Кровь бросилась Йосте в голову. Что же она тогда хочет?
И что она хочет от него?
– Подойдите поближе, Йоста. – Она опять протянула к нему руку. – Не сердитесь на меня, пожалуйста, я, может быть, не совсем ясно выражаю свои мысли. Но я думала, что вы…
– …отлученный пастор, пьяница, кавалер, убийца Эббы Дона… я прекрасно знаю свой послужной список, графиня.
– Значит, вы уже рассердились. Я только хотела сказать…
– Пожалуйста, не надо. Мне бы очень хотелось, чтобы графиня вообще больше ничего не говорила.
Но она продолжила:
– Очень многие, Йоста, хотели бы быть вашей женой, потому что влюблены в вас… но у меня совсем другие причины. Если бы я любила вас, я бы не решилась сказать то, что собираюсь. Мало того, я не решилась бы произнести эти слова, если бы речь шла обо мне. Но речь не обо мне, Йоста. Речь о ребенке. Вы, должно быть, уже догадались, о чем я хочу вас попросить. Я прекрасно понимаю, что для вас это унизительно… но я прошу вас стать его отцом. Жениться на мне. Я ведь незамужняя женщина с ребенком. Вряд ли вы решитесь на это… если быть честной, я думала и о вашем послужном списке, как вы его назвали. Но больше всего я думала о том, что вы замечательный человек, Йоста. Вы герой, к тому же способны на самопожертвование. Но я понимаю, что слишком многого хочу. Это, наверное, очень трудно для мужчины, если вообще возможно. Если вы презираете меня, если для вас отвратительна сама мысль назваться отцом чужого ребенка, просто скажите мне: да, мне отвратительна эта мысль. Я не рассержусь и не обижусь. Конечно, я прошу от вас жертвы, и большой жертвы… но ребенок очень болен, Йоста. Очень жестоко по отношении к нему при крещении оставить его без отцовства.

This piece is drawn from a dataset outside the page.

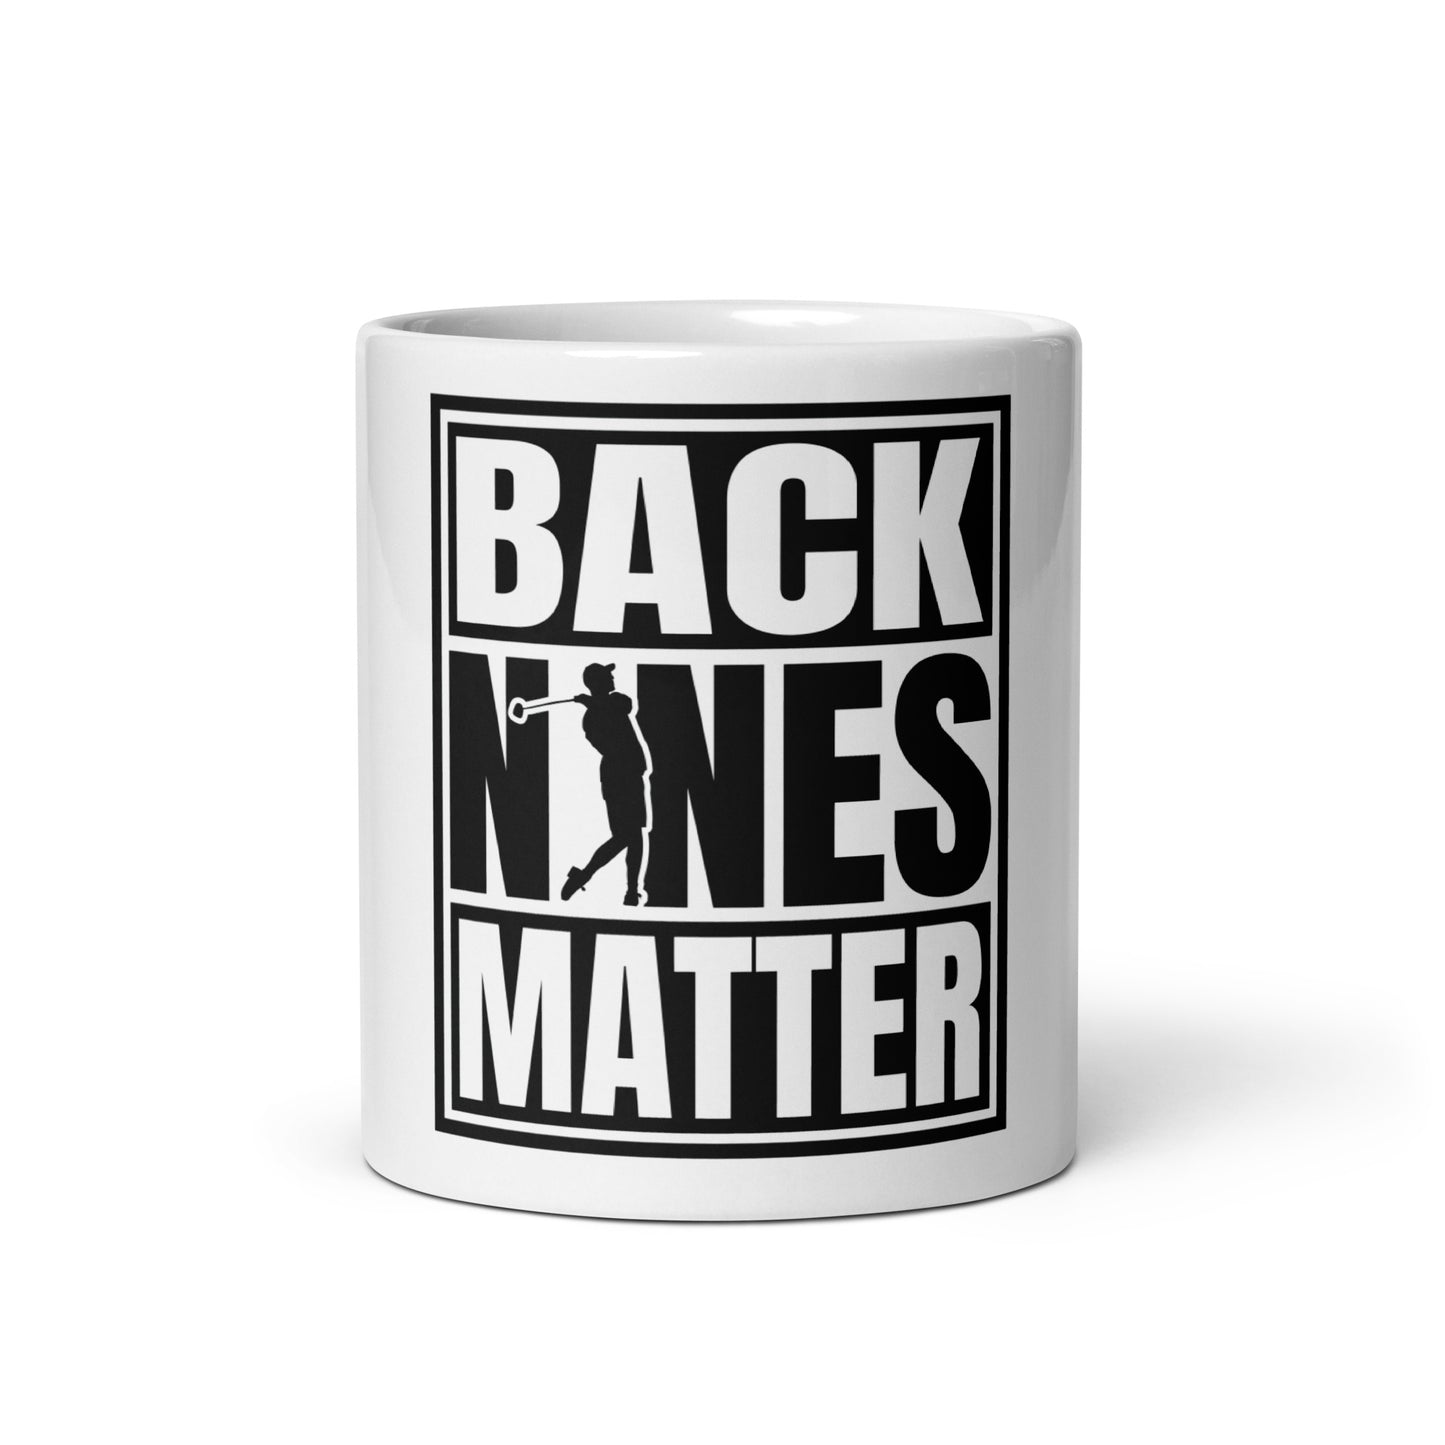 Back Nines Matter White Glossy Mug
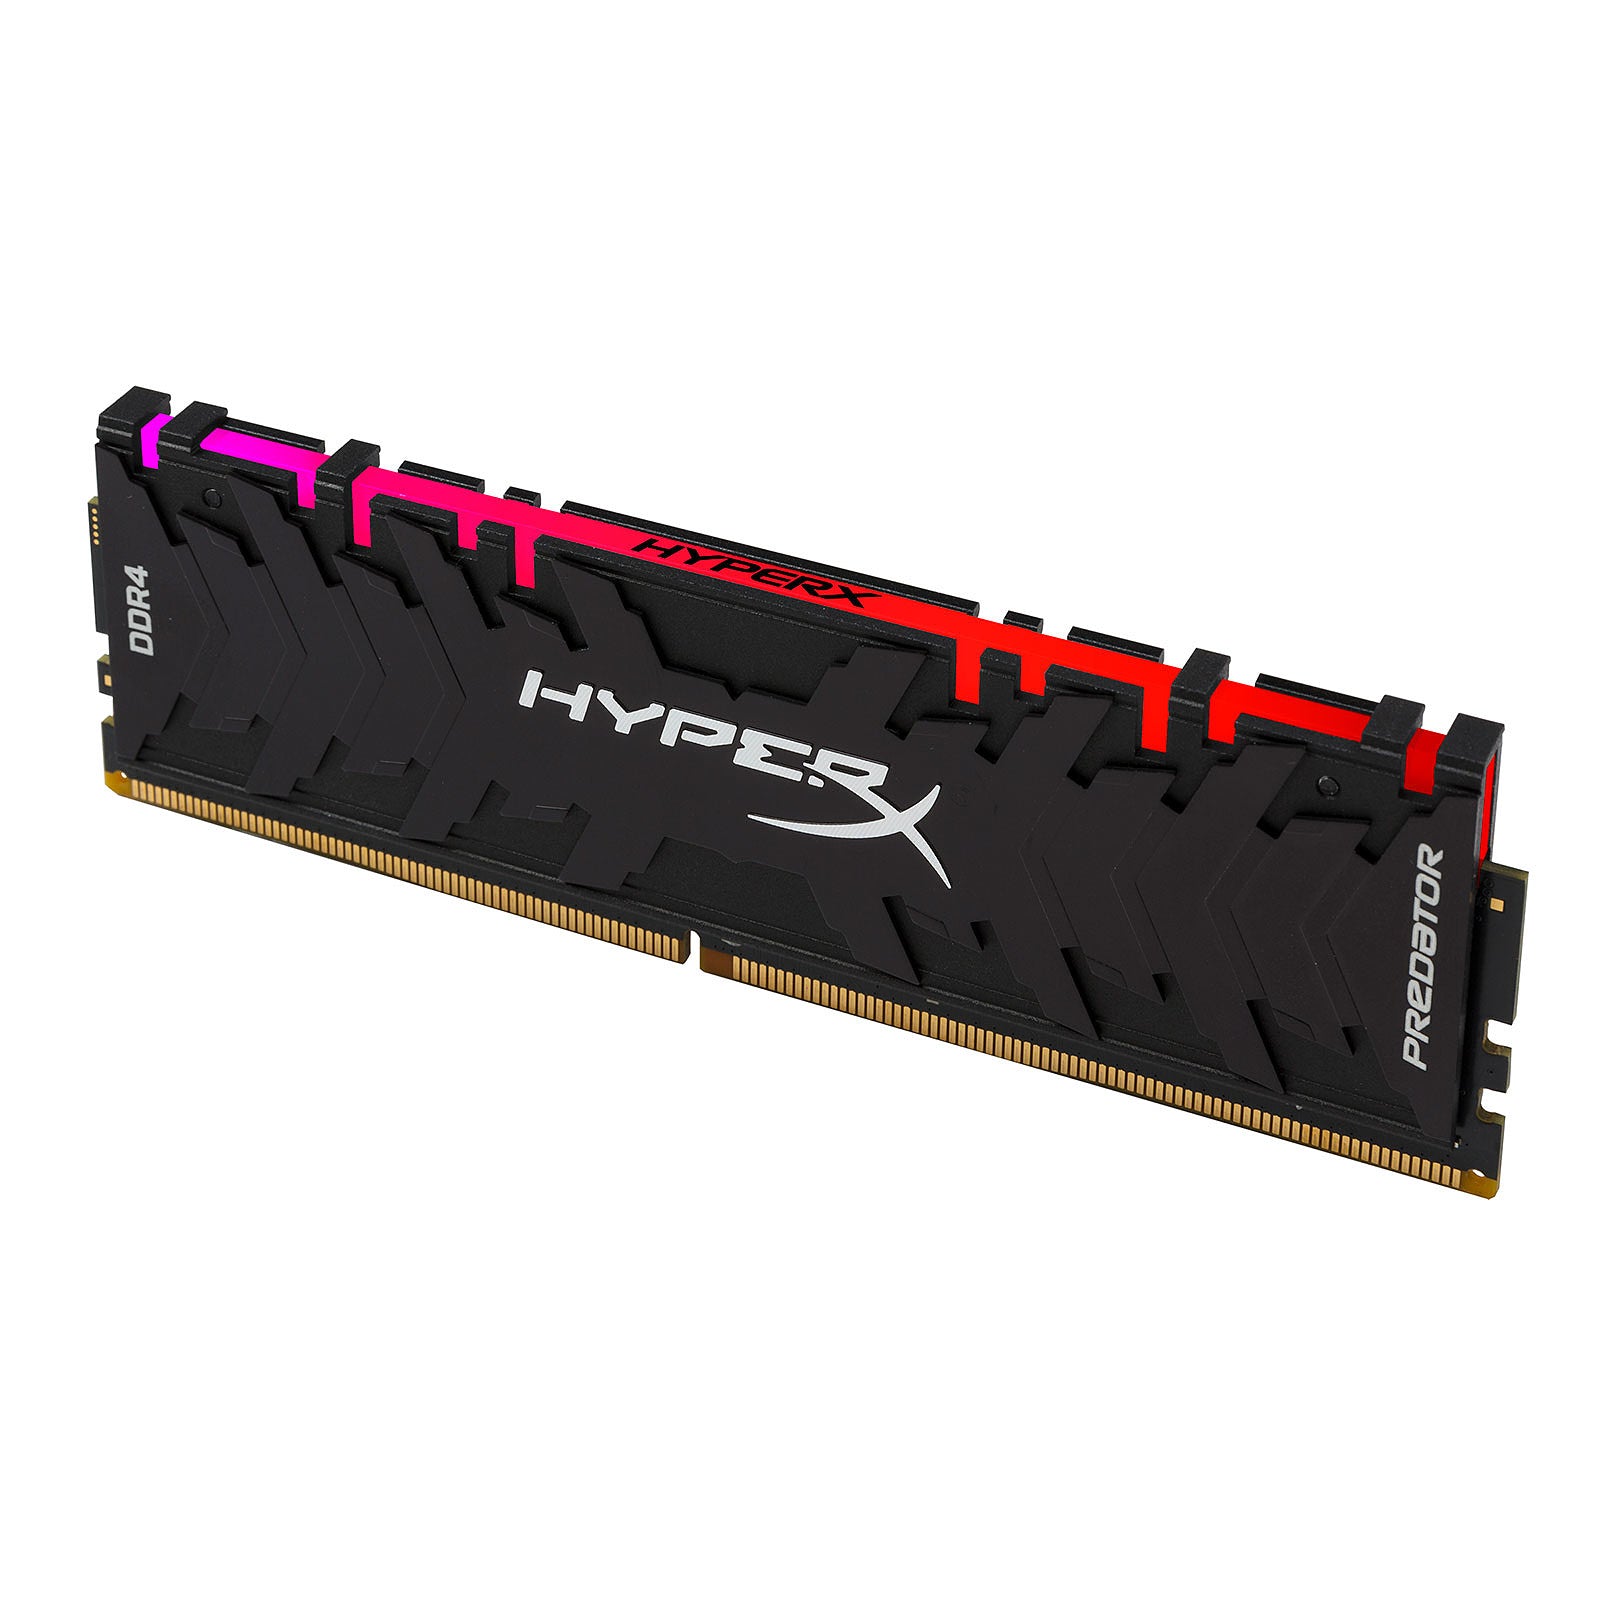 HyperX - Predator RGB DDR4 3200 MHz CL16 (8 Go)

Йоста слушал ее и вспоминал тот день, когда он отвез ее на берег и предоставил судьбе. А теперь еще того чище – он должен своими руками помочь ей зачеркнуть ее будущее. И он должен сделать это, хотя любит ее больше жизни.
– Я сделаю все, что пожелает графиня, – сказал он, стараясь казаться спокойным.
На следующий день он поговорил с простом в Бру, поскольку церковь в Свартшё, где должно было состояться оглашение, входила в его приход.
Старый добродушный священник очень растрогался, когда Йоста рассказал ему все без утайки.
– Ты поступаешь правильно, Йоста. – сказал он. – Конечно же помочь ей – твой христианский долг. Иначе она может лишиться рассудка. Она уже вне себя от горя, потому что уверена, что лишила ребенка прав, которые положены ему по рождению. У этой женщины очень тонкая и очень чувствительная душа.
– Но я же уверен, что сделаю ее несчастной! – воскликнул Йоста.
– А вот так говорить не следует, Йоста. Ты наверняка образумишься, когда у тебя на попечении будут жена и ребенок.
Просту пришлось съездить в Свартшё, переговорить с дьяконом и управой. В результате всех переговоров в следующее воскресенье, первого сентября, в церкви Свартшё состоялась помолвка Йосты Берлинга и Элизабет фон Турн. Потом молодую мать перевезли в Экебю, где младенца крестили.
После крещения прост поговорил с ней – она еще может изменить свое решение выйти замуж за человека с такой репутацией. Может быть, ей стоит написать отцу и посоветоваться?
– Я не изменю свое решение, – твердо сказала молодая мать. – Подумайте: если мой ребенок умрет, и у него так и не будет отца.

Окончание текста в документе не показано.